Genome Research publishes three articles in conjunction with articles published in other journals describing recent advances from the Mouse ENCODE Project Consortium. Initially launched to complement the human Encyclopedia of DNA Elements (ENCODE) Project in 2008, the Mouse ENCODE Project aims to functionally characterize the mouse genome. The human and mouse genomes are roughly the same size and contain many stretches of uncharacterized, noncoding DNA that are thought to contain critical regulatory information. By comprehensively identifying functional regulatory regions in the mouse genome, including those in tissues and developmental stages inaccessible in human studies, the Mouse ENCODE Project is poised to further our understanding of human development and disease.
Approximately half of the mouse (and human) genome is composed of regions of mobile DNA known as transposable elements (TE), which, recent studies have demonstrated, contribute to gene regulation by harboring transcription factor binding sites. To investigate the extent of TE-mediated gene regulation, researchers from Washington University School of Medicine, Stanford University, and elsewhere mapped genome-wide binding profiles of 34 transcription factors in two cell types in human and mouse. A large fraction of the transcription factor binding sites (20%) was located in TEs, and most of these were species-specific. "The magnitude and diversity of transposable element-contributed gene regulatory elements was really surprising," said co-corresponding author Ting Wang. Additionally, the TEs bound by transcription factors had signatures of active chromatin regions. "Despite having long been thought to be silenced in cells by epigenetic mechanisms, these transposable elements escape in a cell type-specific manner," Wang said. The authors suggest transposable elements may be involved in the widespread rewiring of gene regulatory networks during evolution.
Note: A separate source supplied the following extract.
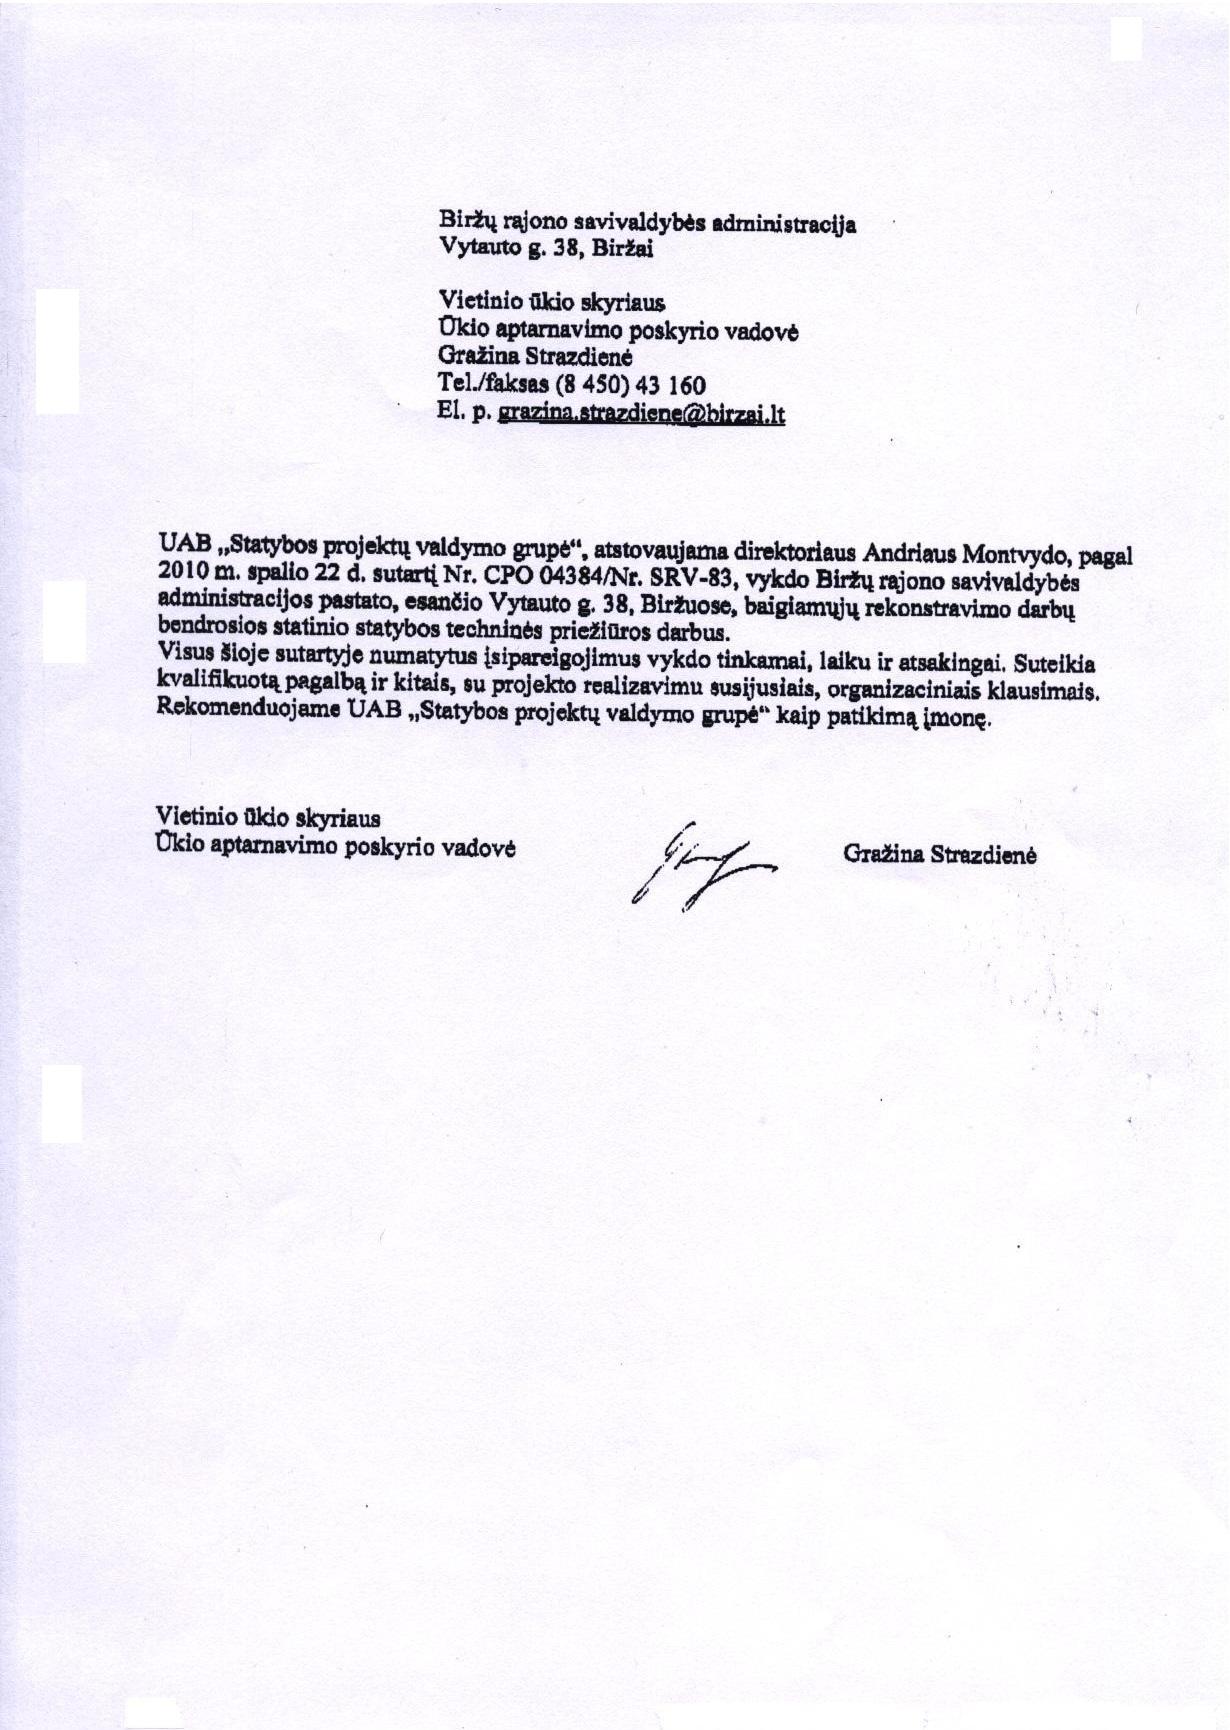 Biržų rajono savivaldybės administracija. Rekomendacija 2010-07-22

To understand how shared transcription factors can regulate distinct cell fates, researchers from Pennsylvania State University, the Children's Hospital of Philadelphia, and elsewhere also examined the regulatory network that controls the formation of red blood cells and megakaryocytes (platelet precursors). Both derive from multipotent blood cell precursors and differentiate using overlapping sets of transcription factors. By integrating genome-wide binding sites of four transcription factors (GATA1, GATA2, TAL1, and FLI1), histone modifications, and gene expression, the researchers demonstrate the shared transcription factors bind to different genomic locations and in different combinations, thus defining linage-specific regulatory networks during blood formation. "Some of these networks are already known to be dysregulated human disease," said co-corresponding author Mitchell Weiss. "Better understanding of these normal mechanisms could improve treatments of human blood diseases and facilitate the manufacture of various blood cells that can be used for transfusion therapies."
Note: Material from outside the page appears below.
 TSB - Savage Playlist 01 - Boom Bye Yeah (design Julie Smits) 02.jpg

To further understand how a single transcription factor, TAL1, regulates distinct gene expression patterns during blood formation, Ross Hardison and colleagues examined the genome-wide occupancy of TAL1 in six mouse cell types representing the progression from multipotent blood precursor to megakaryocytes and red blood cells. The authors discover that despite the large number of sites TAL1 occupies in the genome, most sites are occupied exclusively in one cell type. The redistribution of TAL1 during differentiation is associated with expression of lineage-specific genes, and in many cases, TAL1 is directed to sites by the presence of other transcription factors, such as GATA, as well as linage-specific factors.